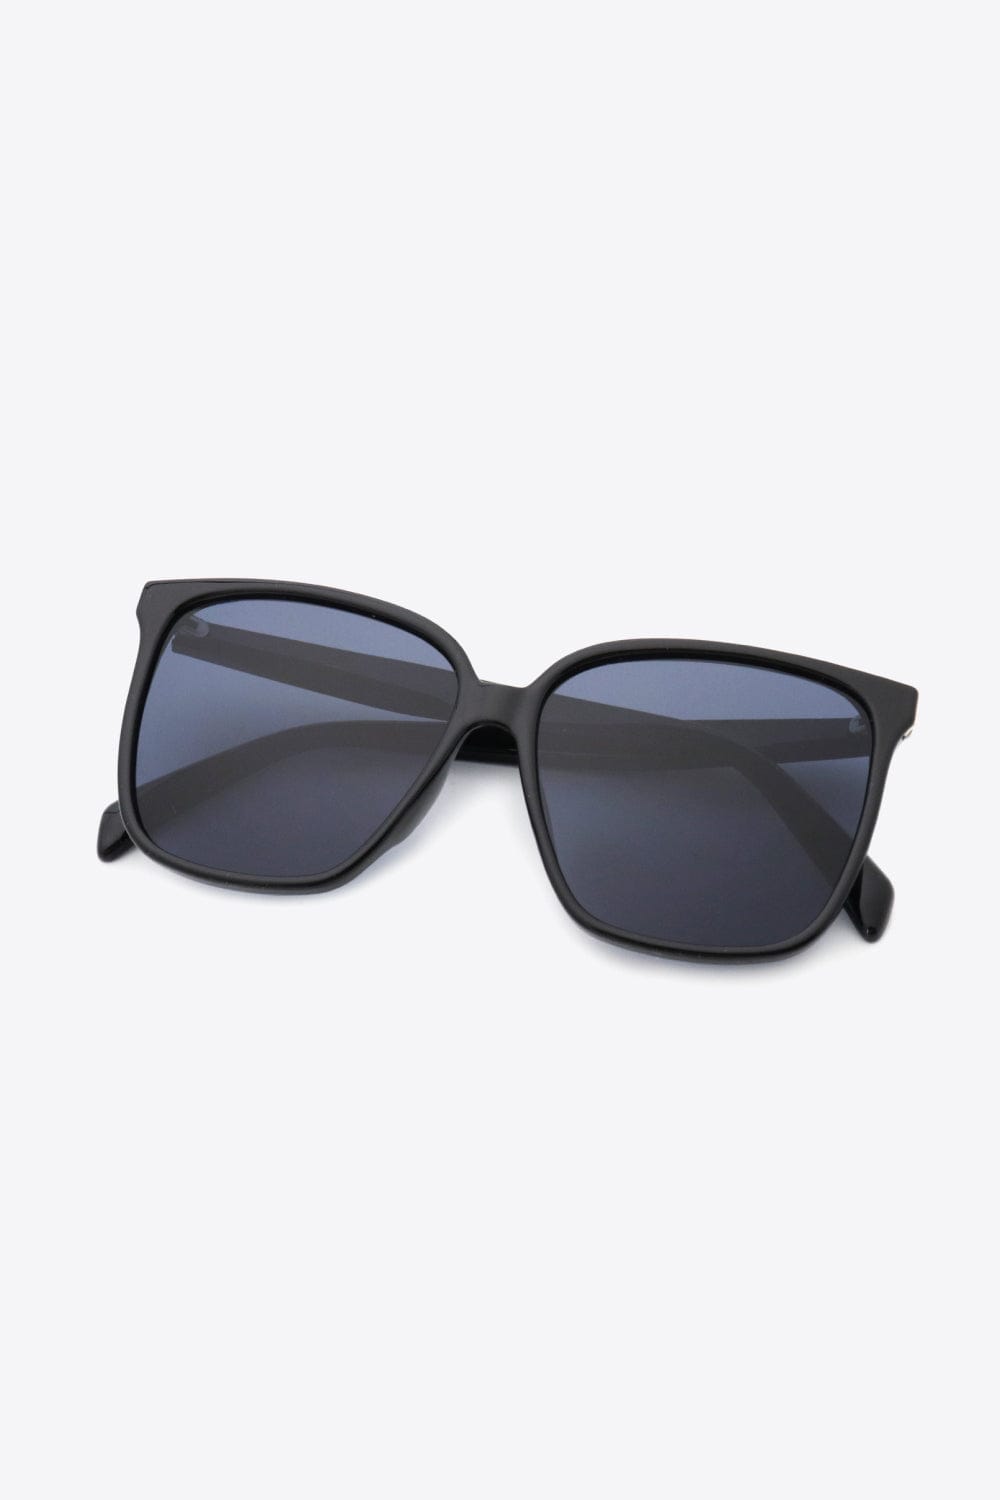 The802Gypsy sunglasses Dusty  Blue / One Size GYPSY-Polycarbonate Frame Wayfarer Sunglasses
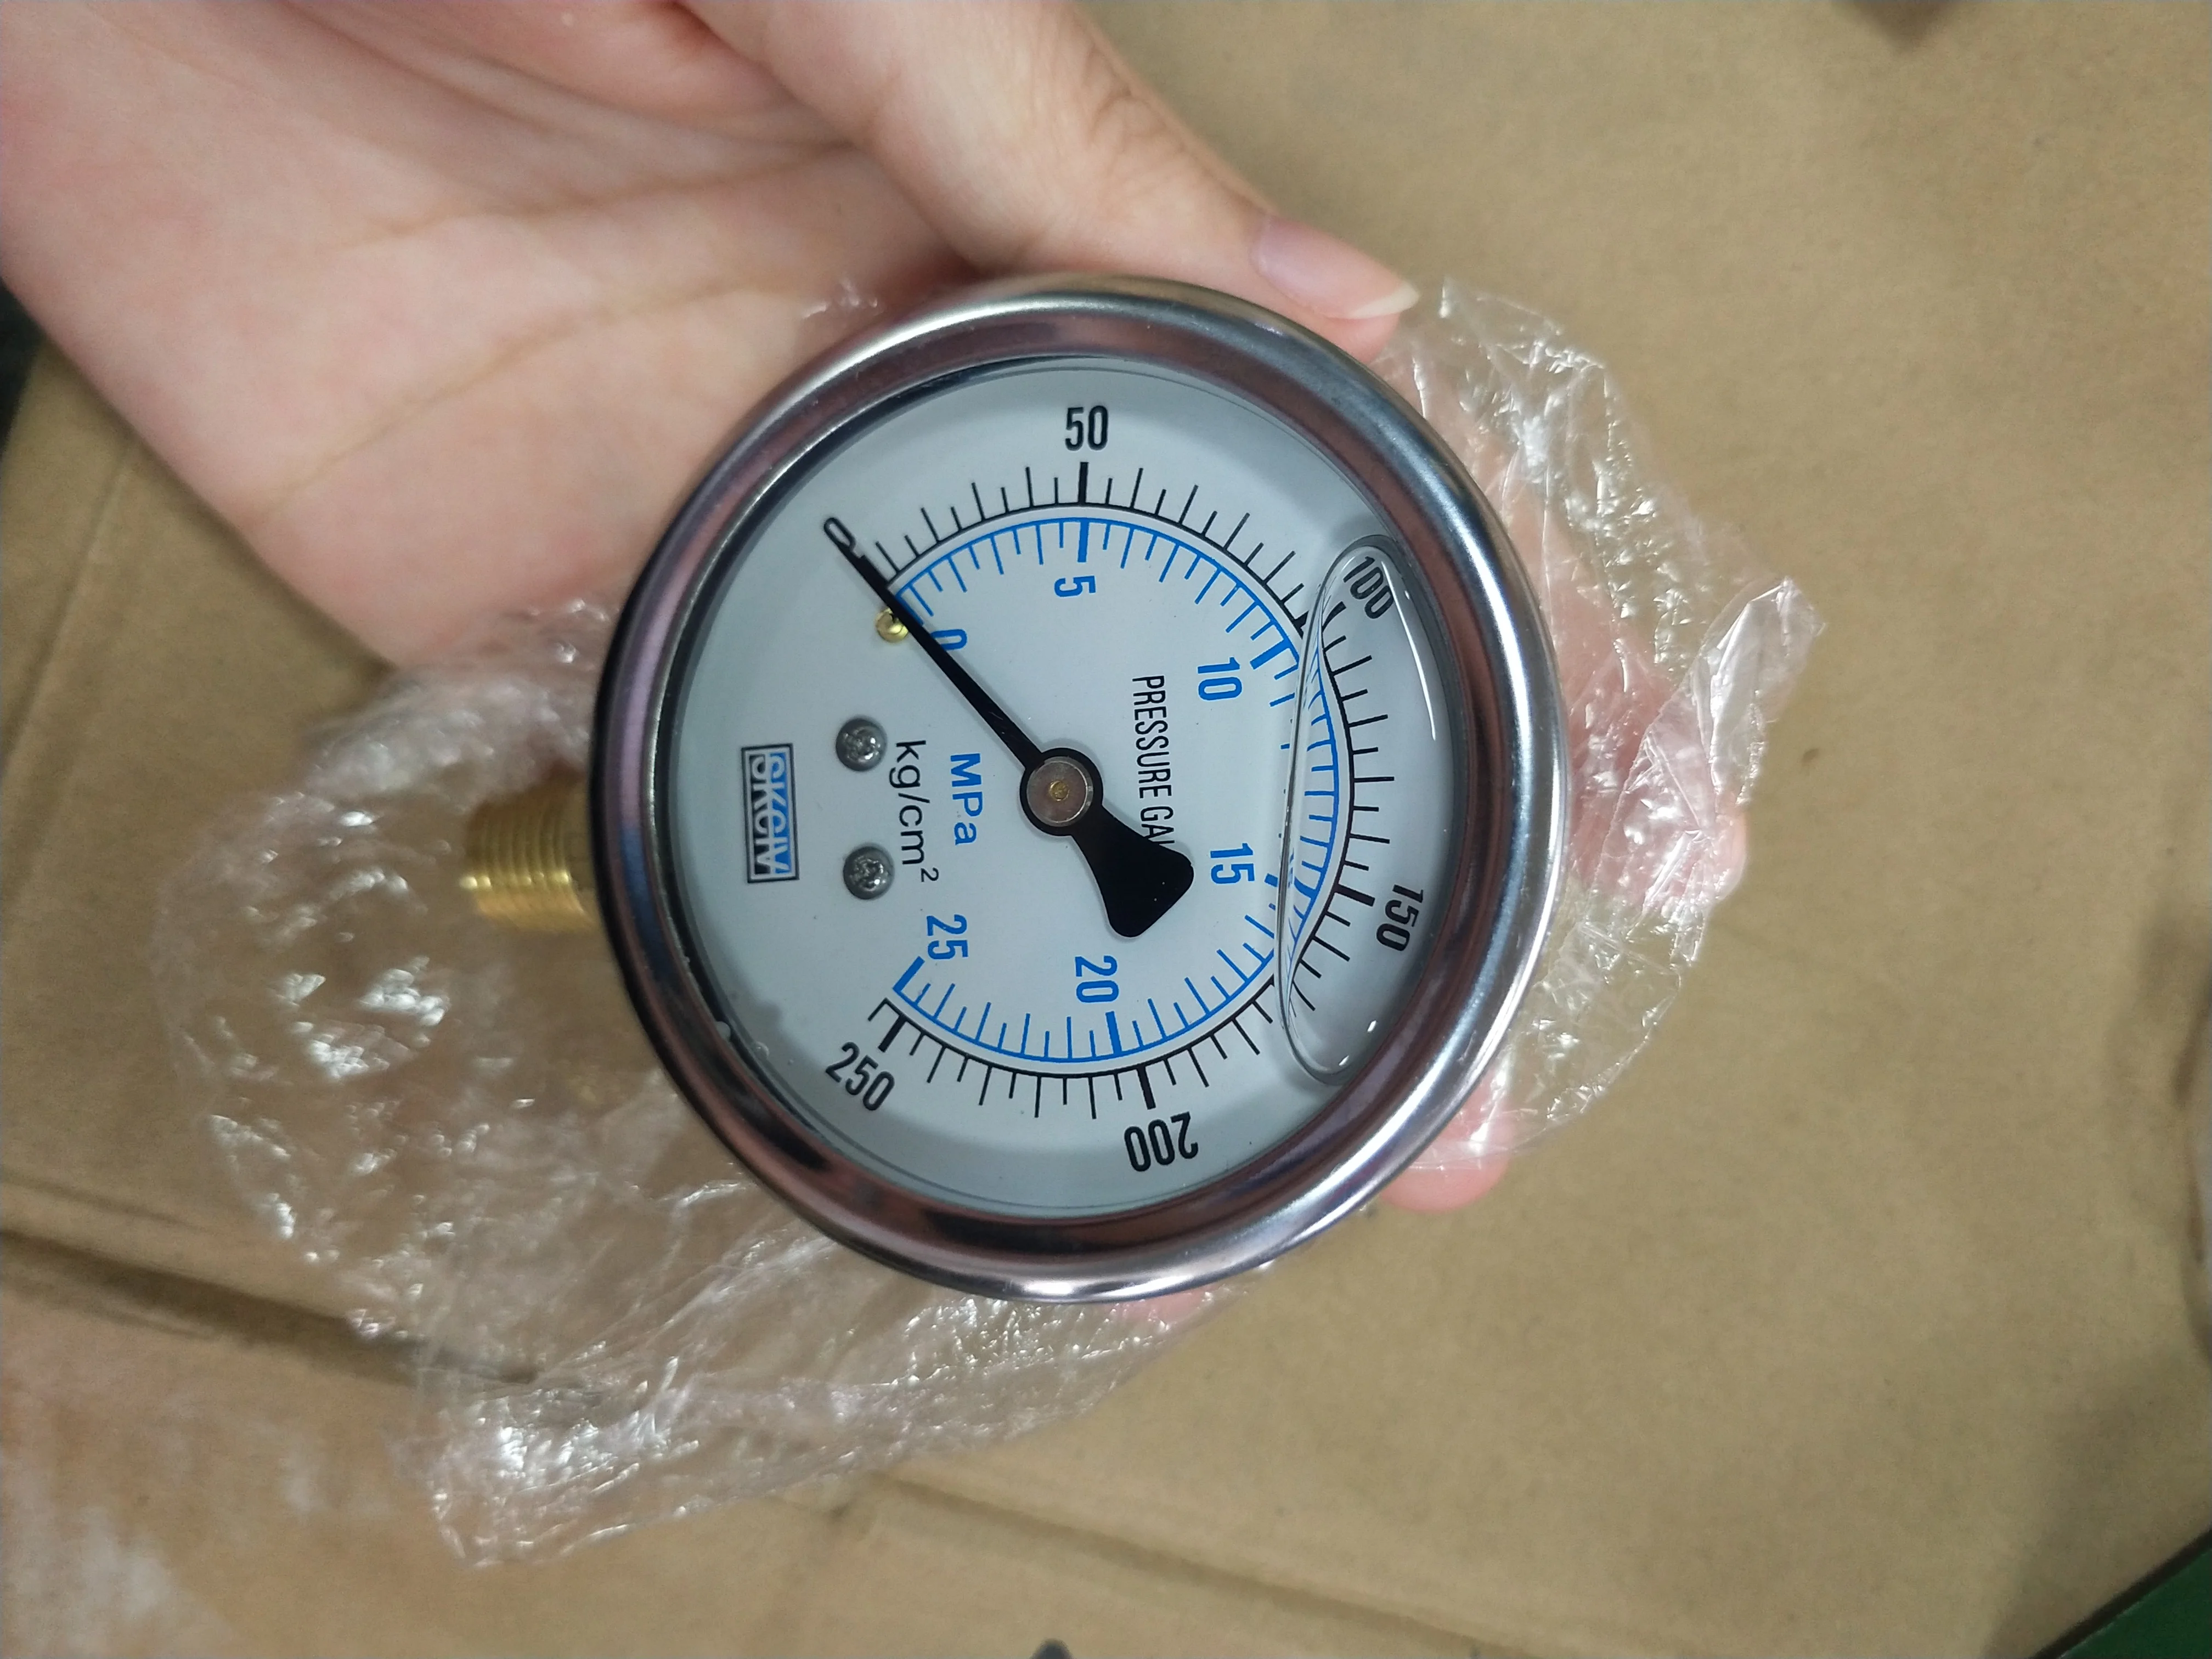 Akozon Hydraulic Pressure Gauge Manometer Outil Mesure de Mètre Pression deau hydraulique 0-400BAR 0-5800PSI G1/4 Cadran de Mesure de Pression Hydraulique de 63mm 
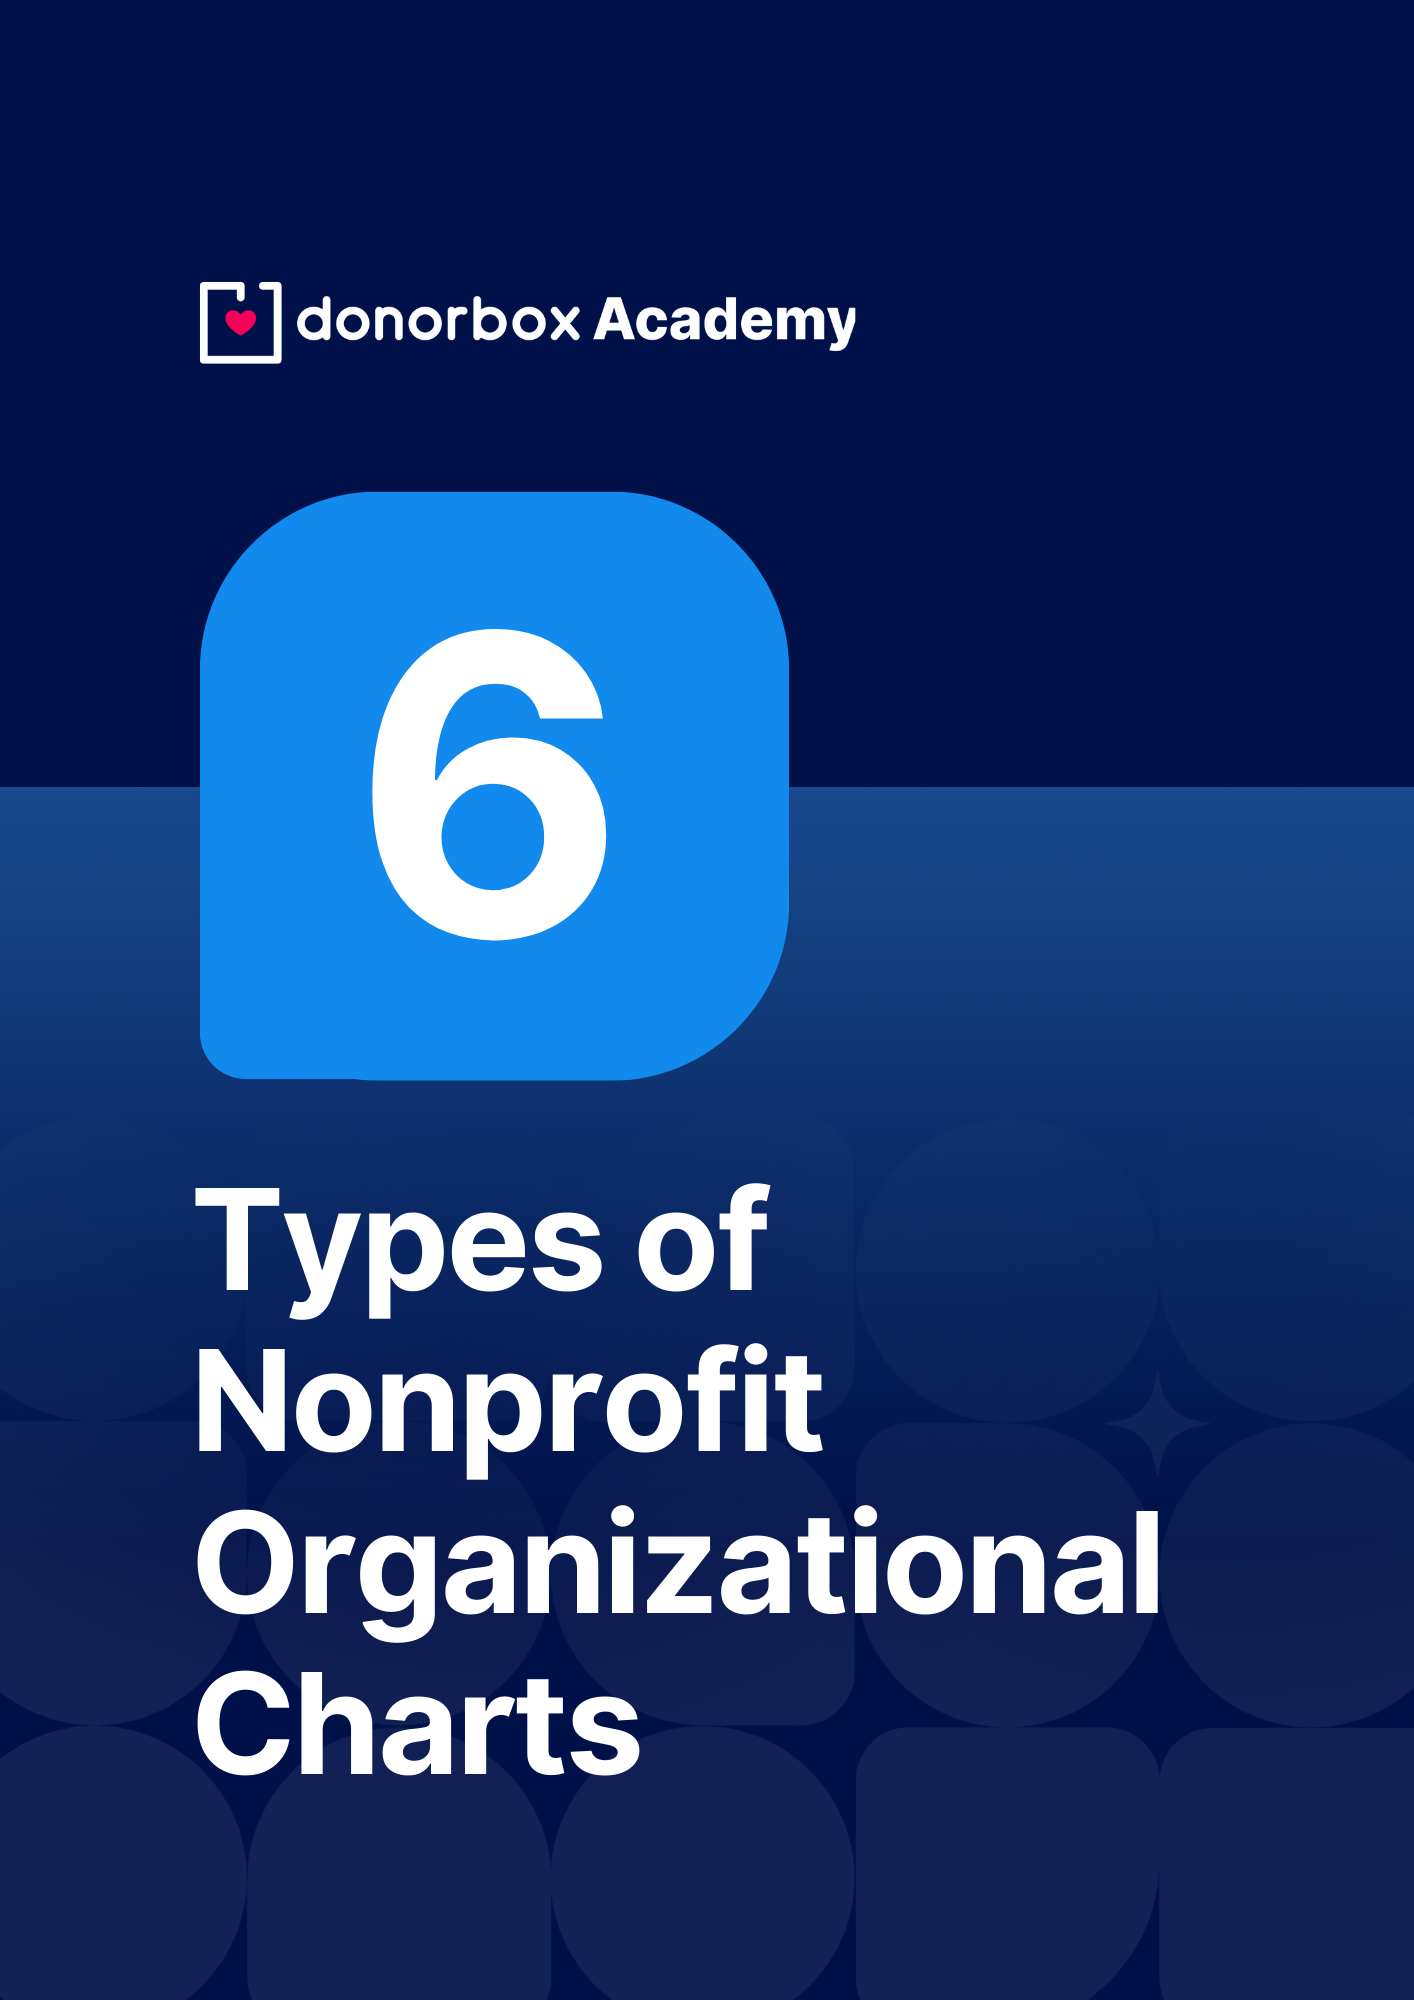 6 Types of Nonprofit Organizational Charts

_ _ _

- **Instructions for the task**: Print the listing again exactly as it appears, except for the pictures, which stay out.

- **Result**:
 The802Gypsy sunglasses Dusty  Blue / One Size GYPSY-Polycarbonate Frame Wayfarer Sunglasses
 Akozon Hydraulic Pressure Gauge Manometer Outil Mesure de Mètre Pression deau hydraulique 0-400BAR 0-5800PSI G1/4 Cadran de Mesure de Pression Hydraulique de 63mm 
 6 Types of Nonprofit Organizational Charts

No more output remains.